[What to produce]:
The needed output is the run of lines below from the one containing "Aston Martin DB10 Silver Car PNG Image." through the one containing "Обзор зимней шины", copied exactly and free of pictures.

[Information provided]:
——

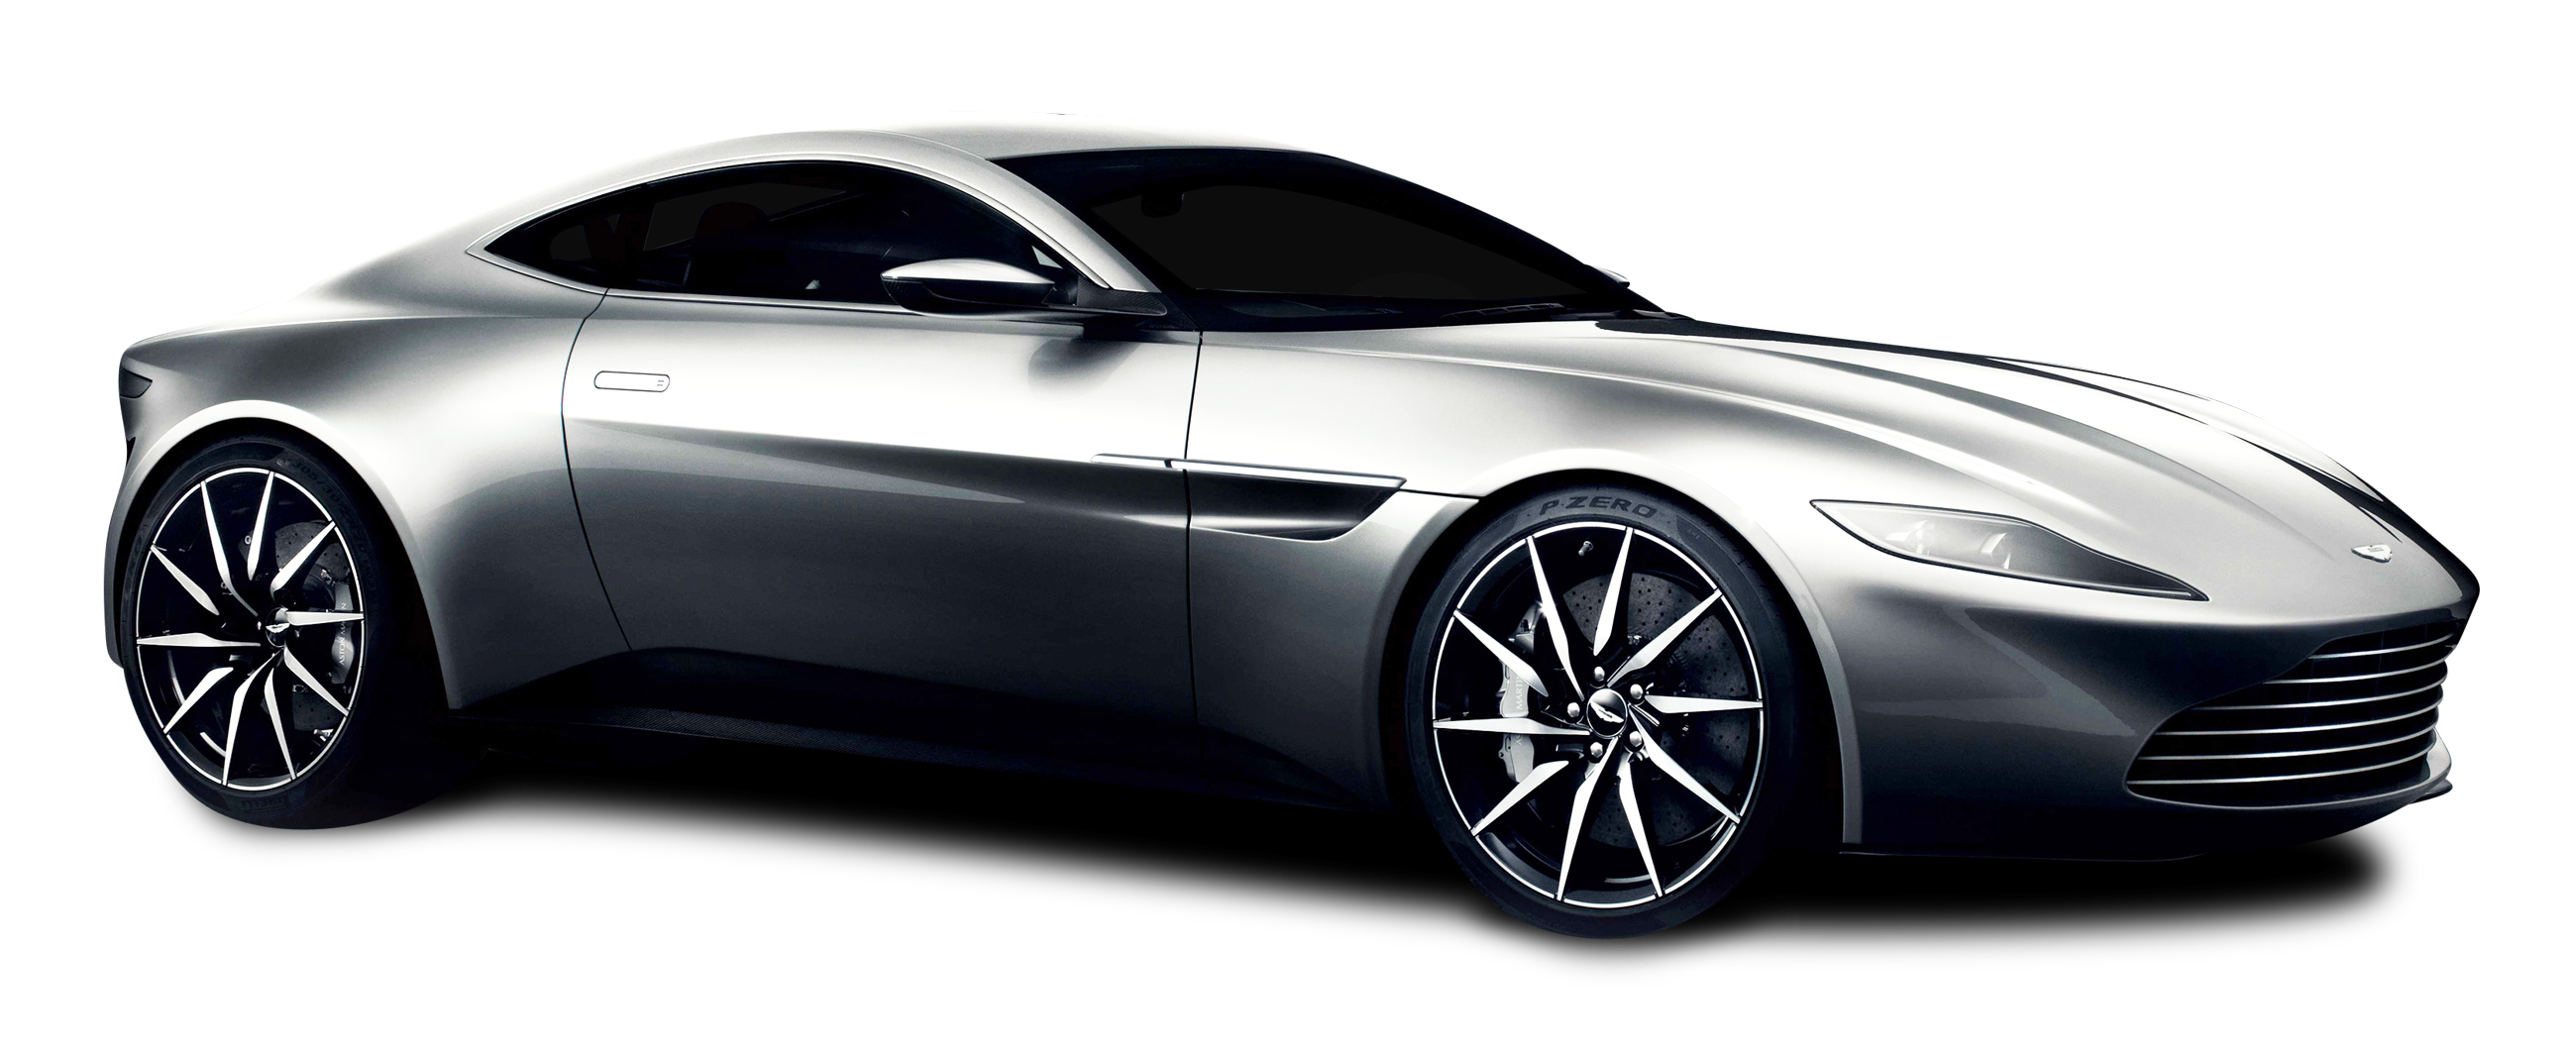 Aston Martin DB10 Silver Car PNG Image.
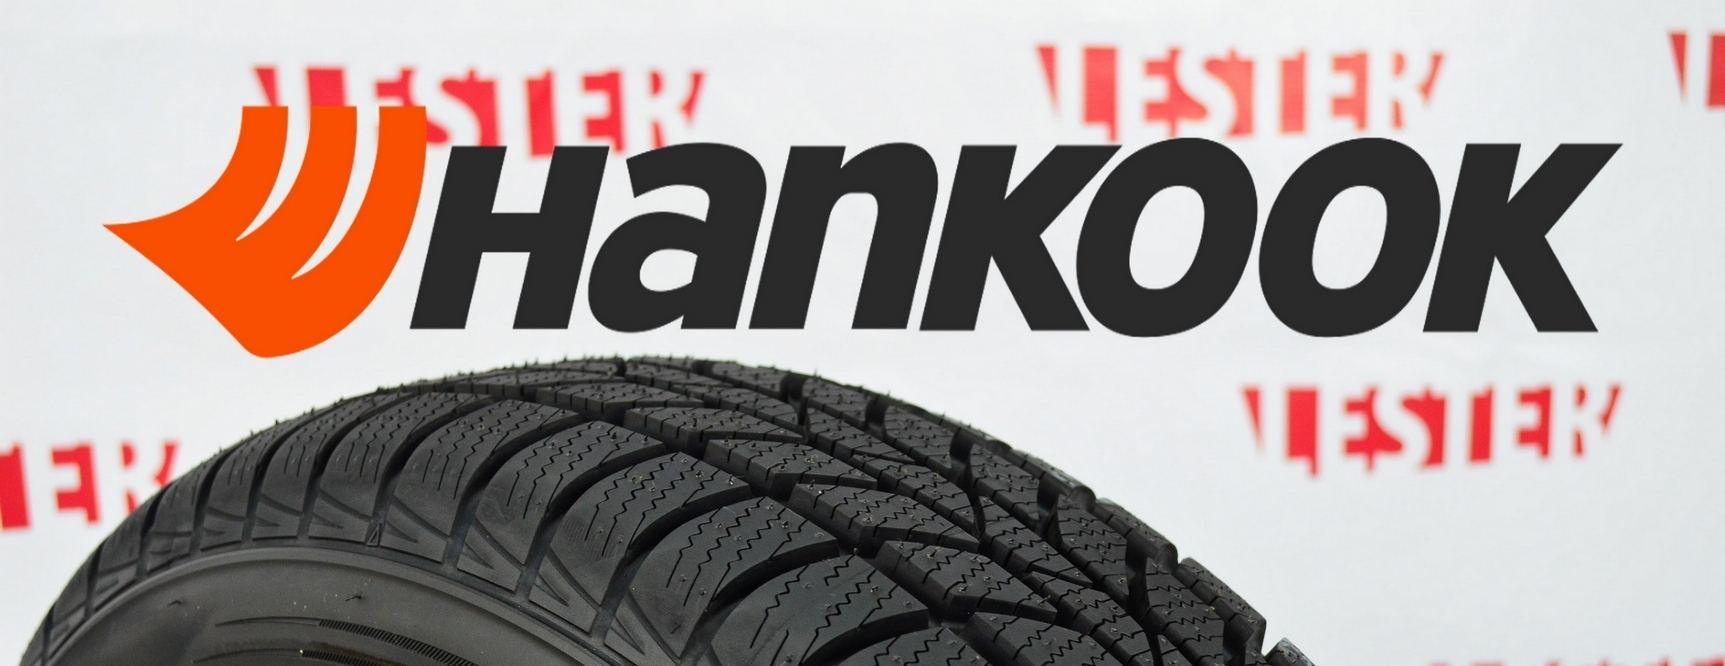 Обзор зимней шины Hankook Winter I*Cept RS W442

——

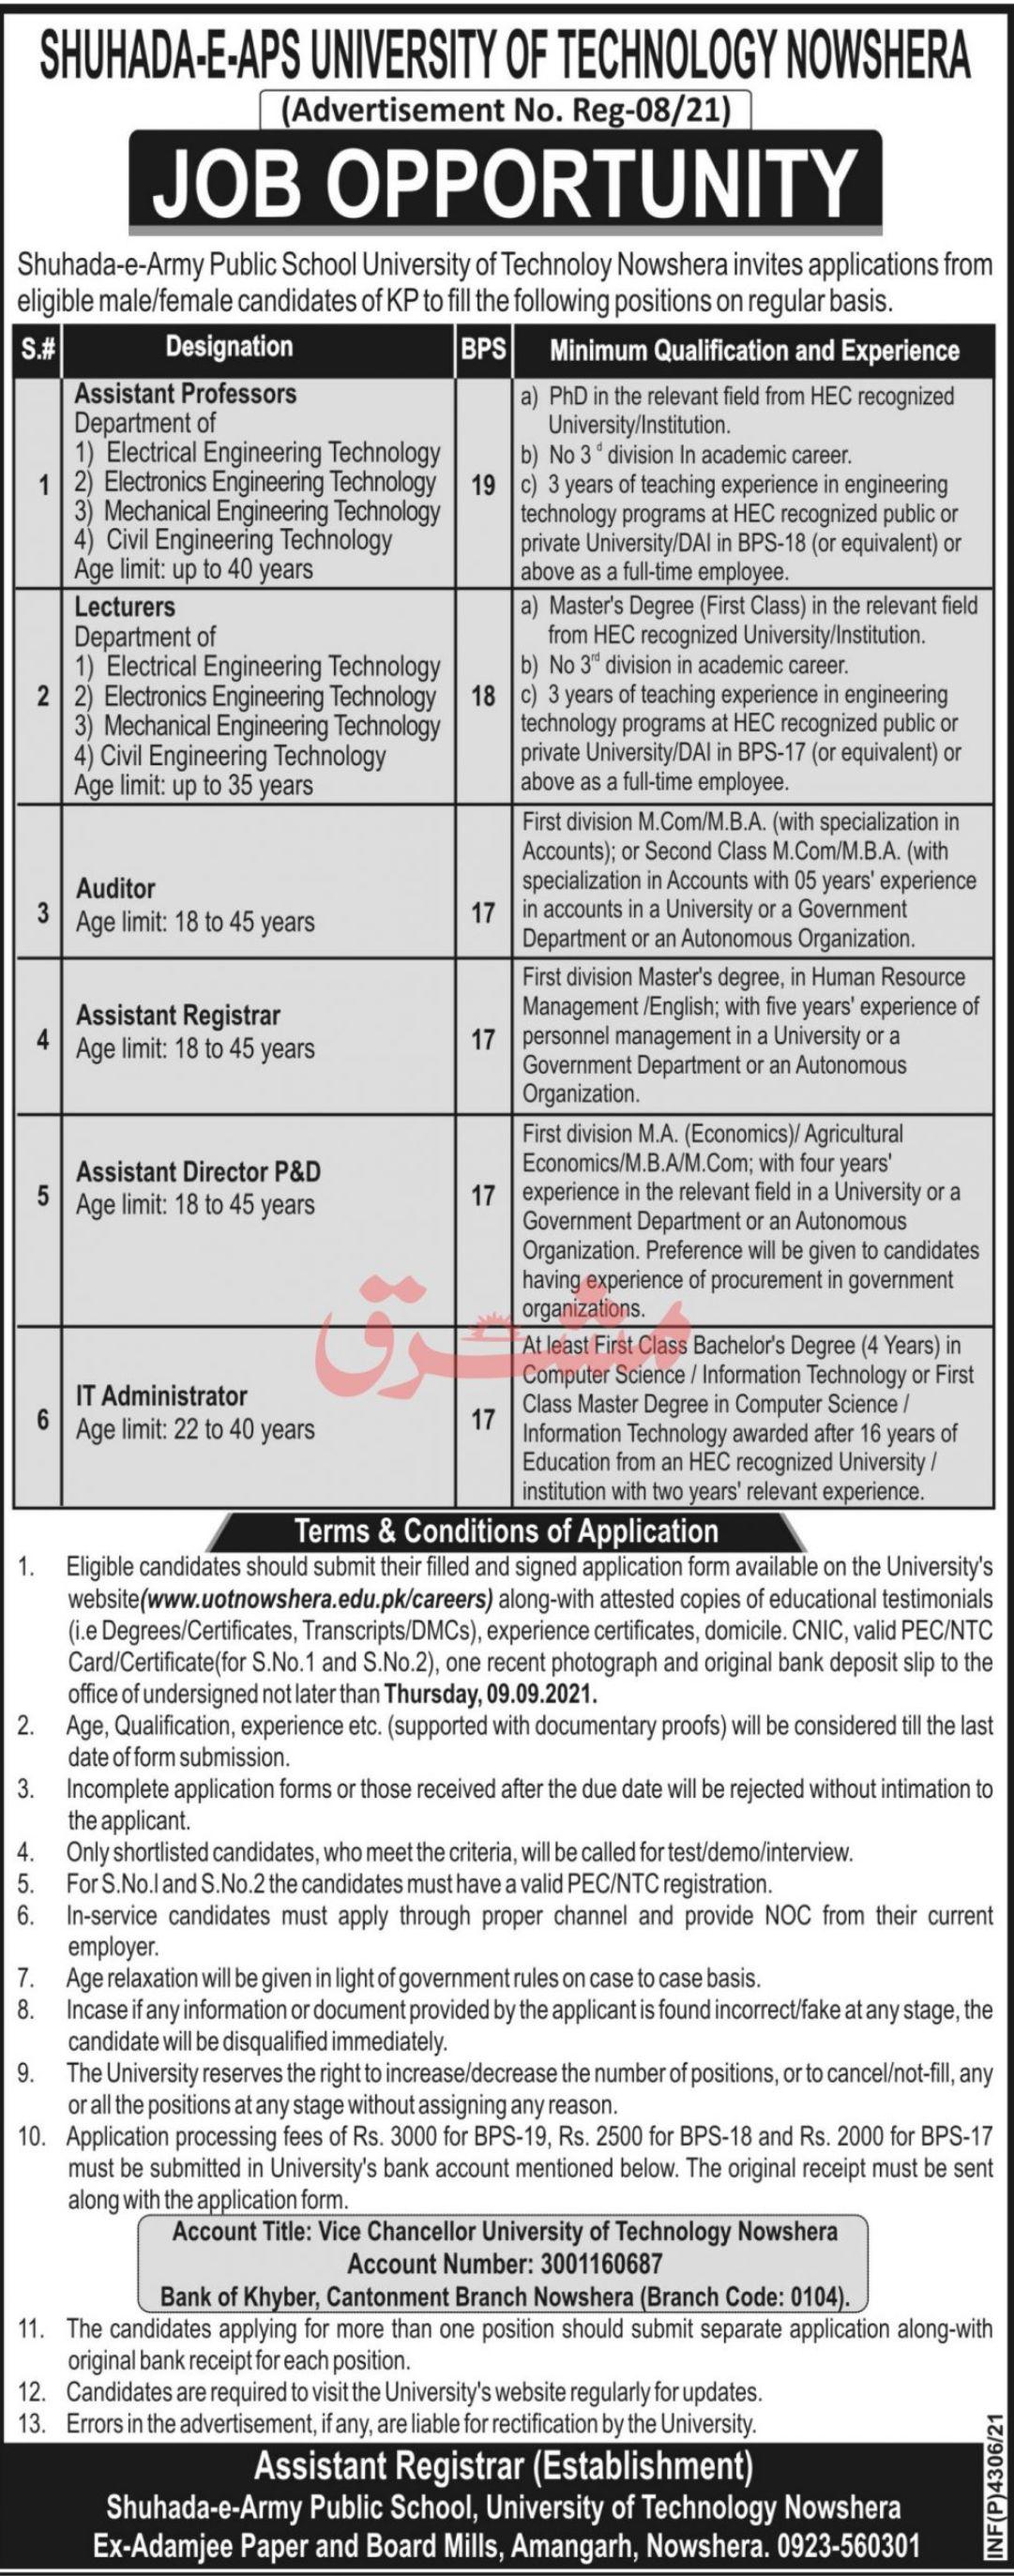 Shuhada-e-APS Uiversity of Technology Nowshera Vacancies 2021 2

——

[Result of the task]:
 Aston Martin DB10 Silver Car PNG Image.
 Обзор зимней шины Hankook Winter I*Cept RS W442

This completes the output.